WHAT NEEDS TO BE DONE: Copy exactly the lines of the data below, beginning with the line with "stone balance at the river" and ending with the line with "Zebra Z-Grip Ballpoint". Pictures are to be omitted.

[Opening DATA TO USE section]

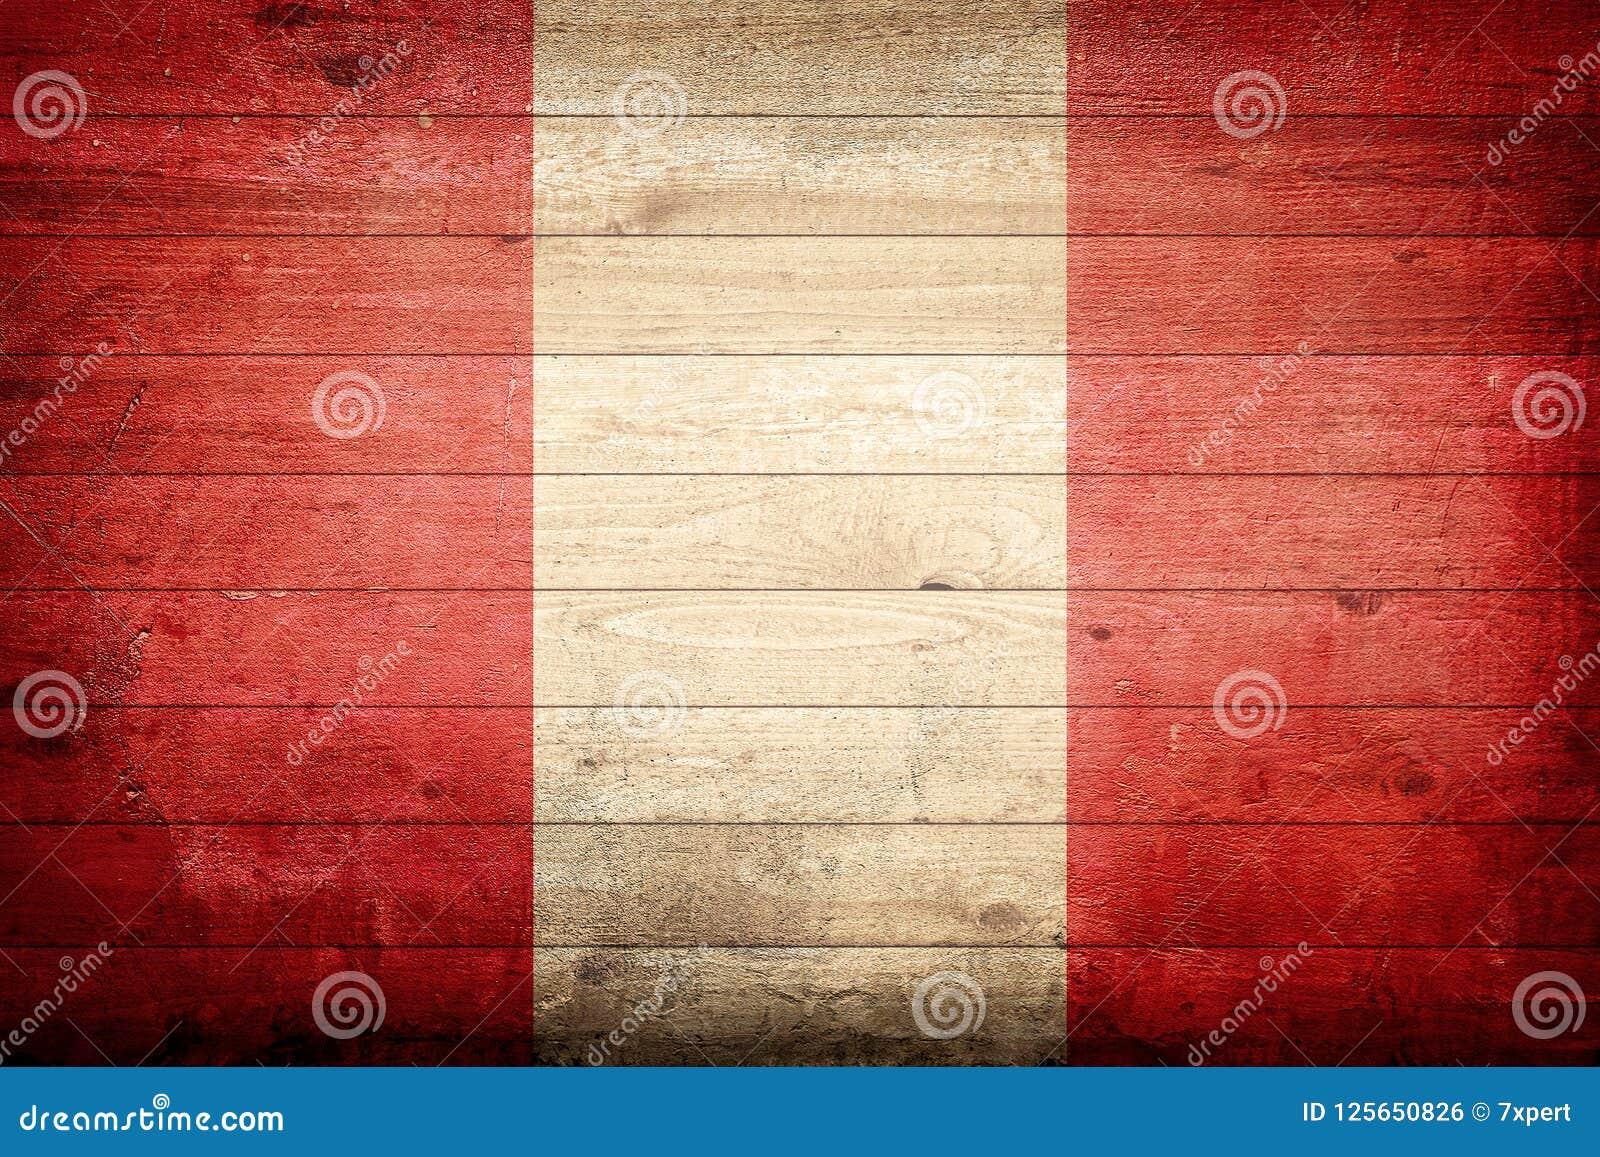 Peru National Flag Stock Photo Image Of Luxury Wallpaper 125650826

[Closing DATA TO USE section]
[Opening DATA TO USE section]

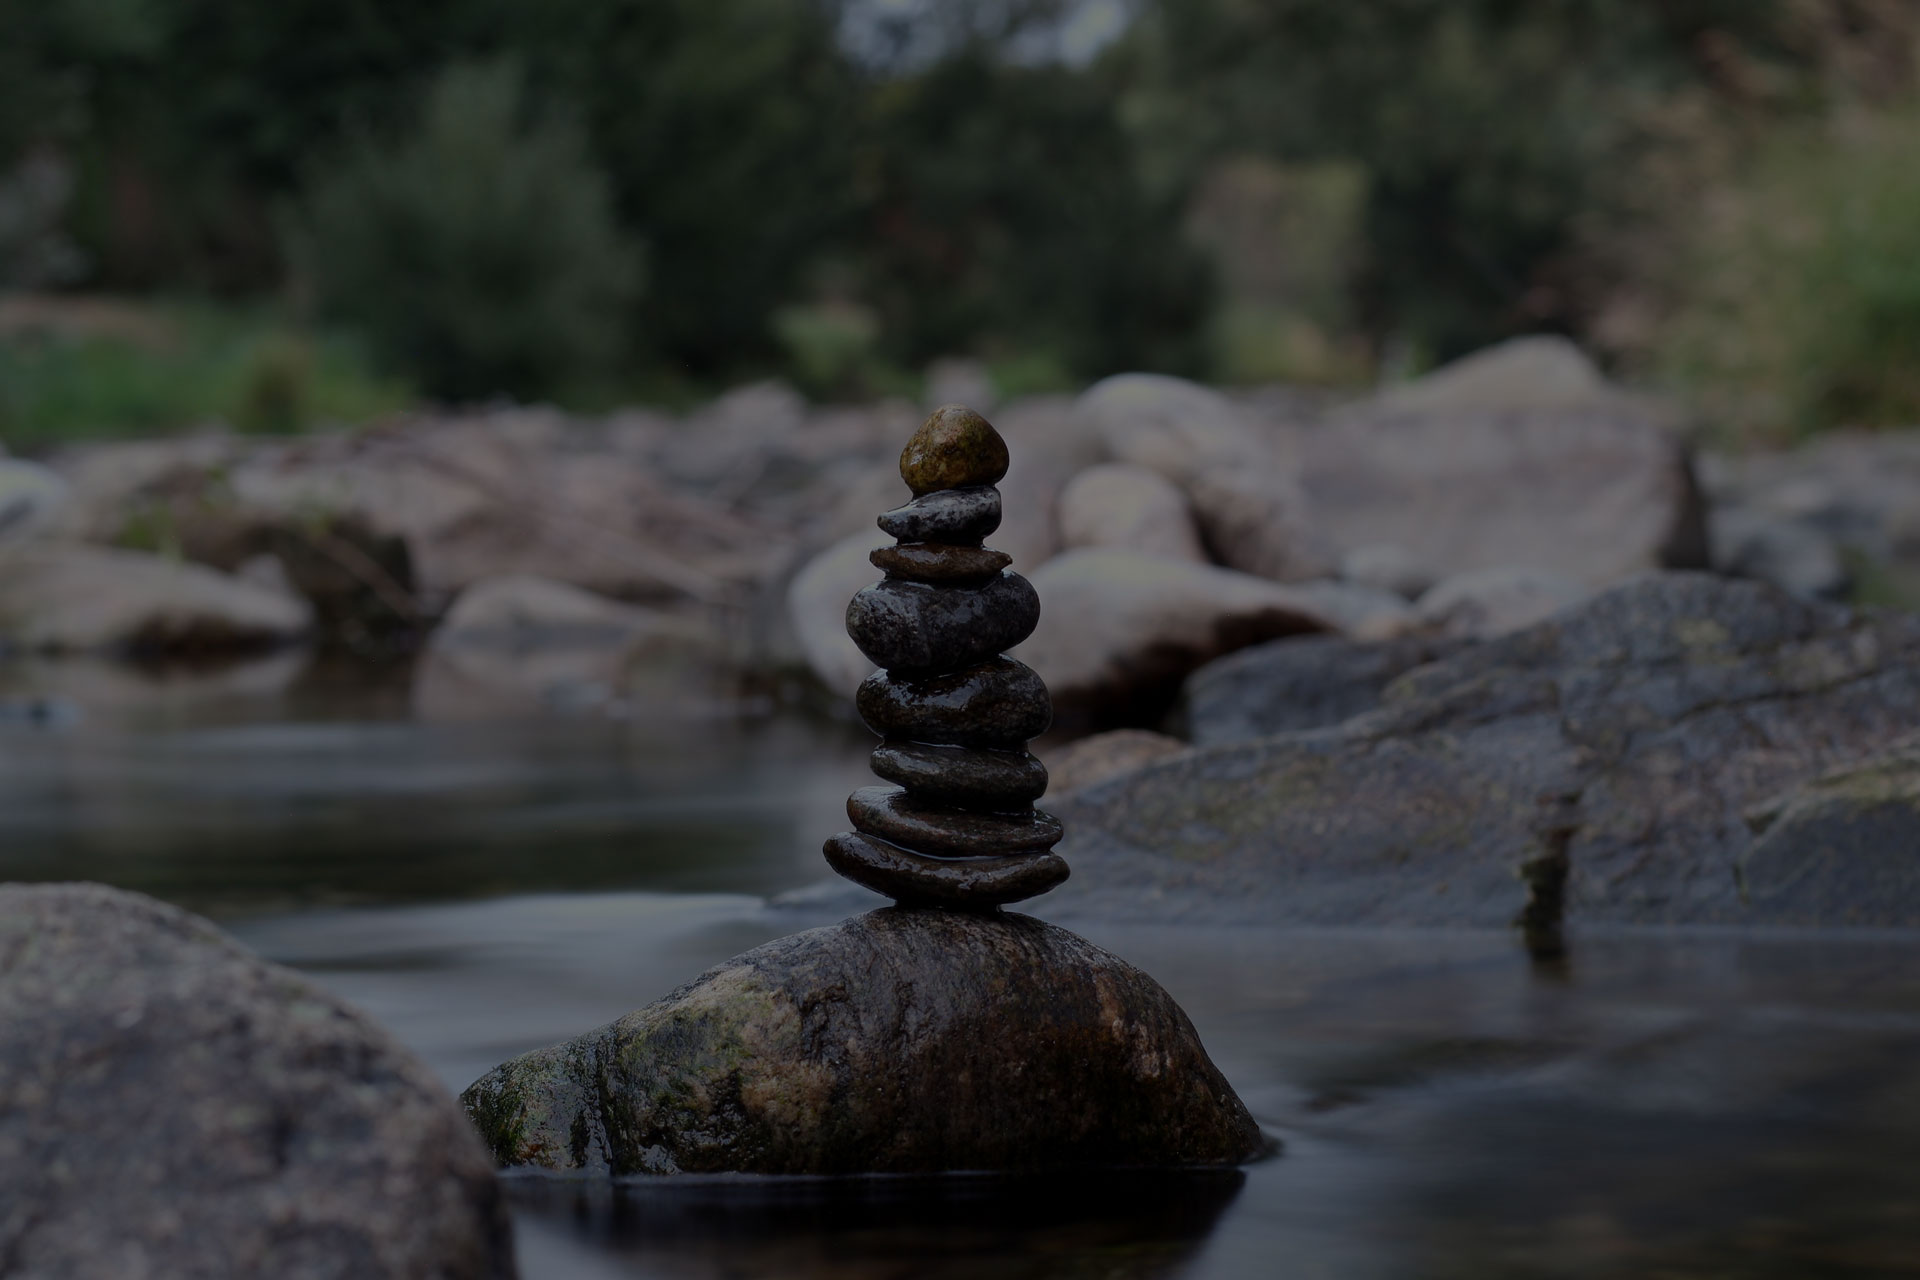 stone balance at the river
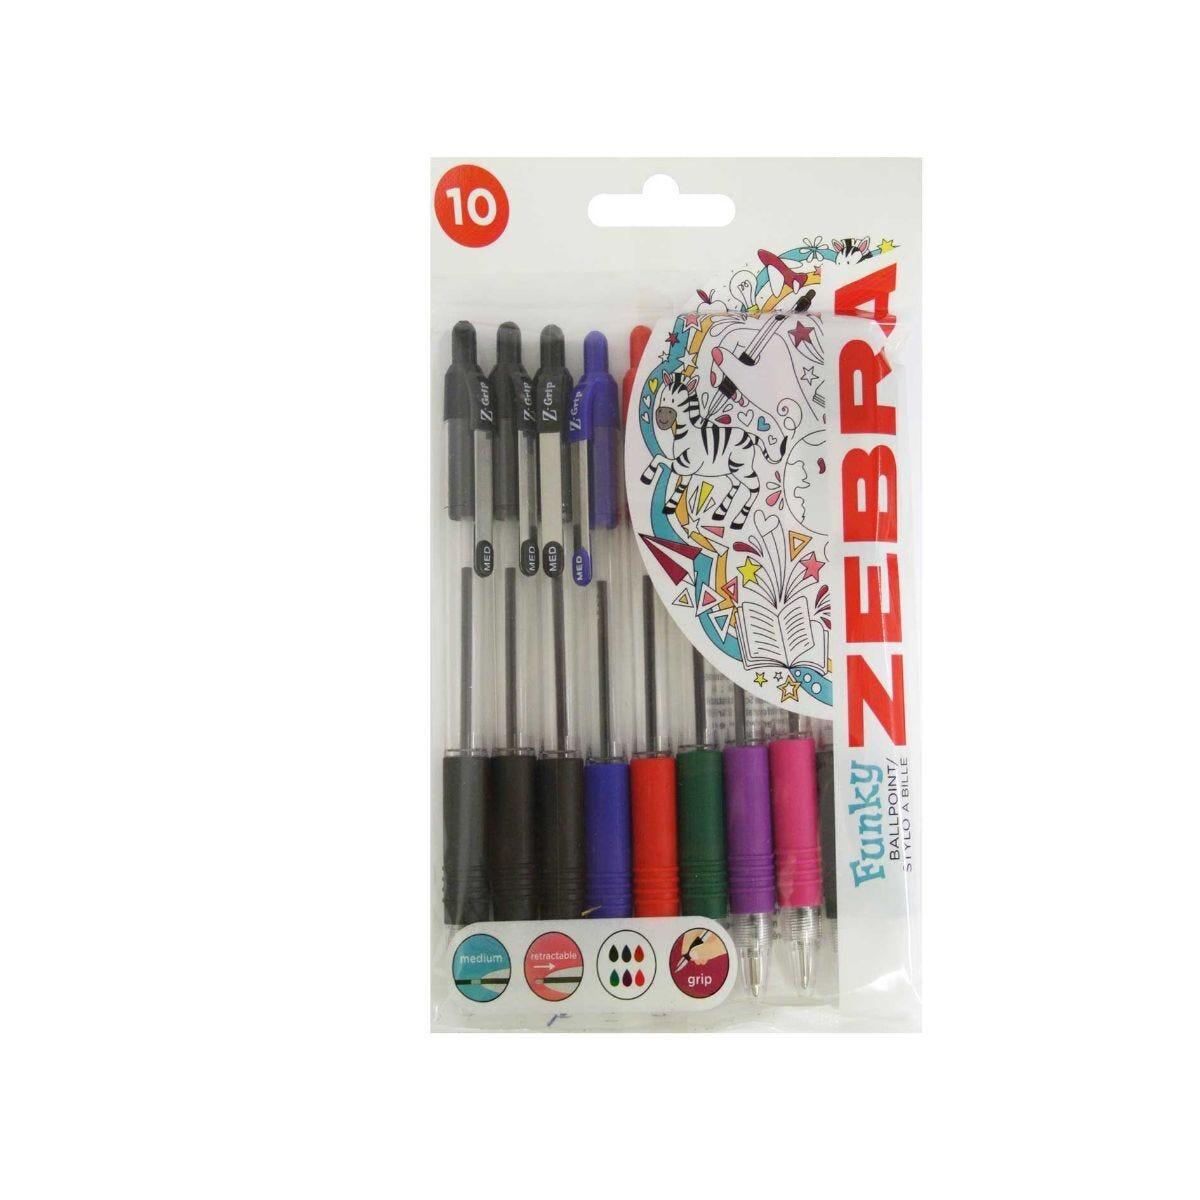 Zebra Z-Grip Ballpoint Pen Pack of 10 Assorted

[Closing DATA TO USE section]

WRITTEN REPLY:
 stone balance at the river
 Zebra Z-Grip Ballpoint Pen Pack of 10 Assorted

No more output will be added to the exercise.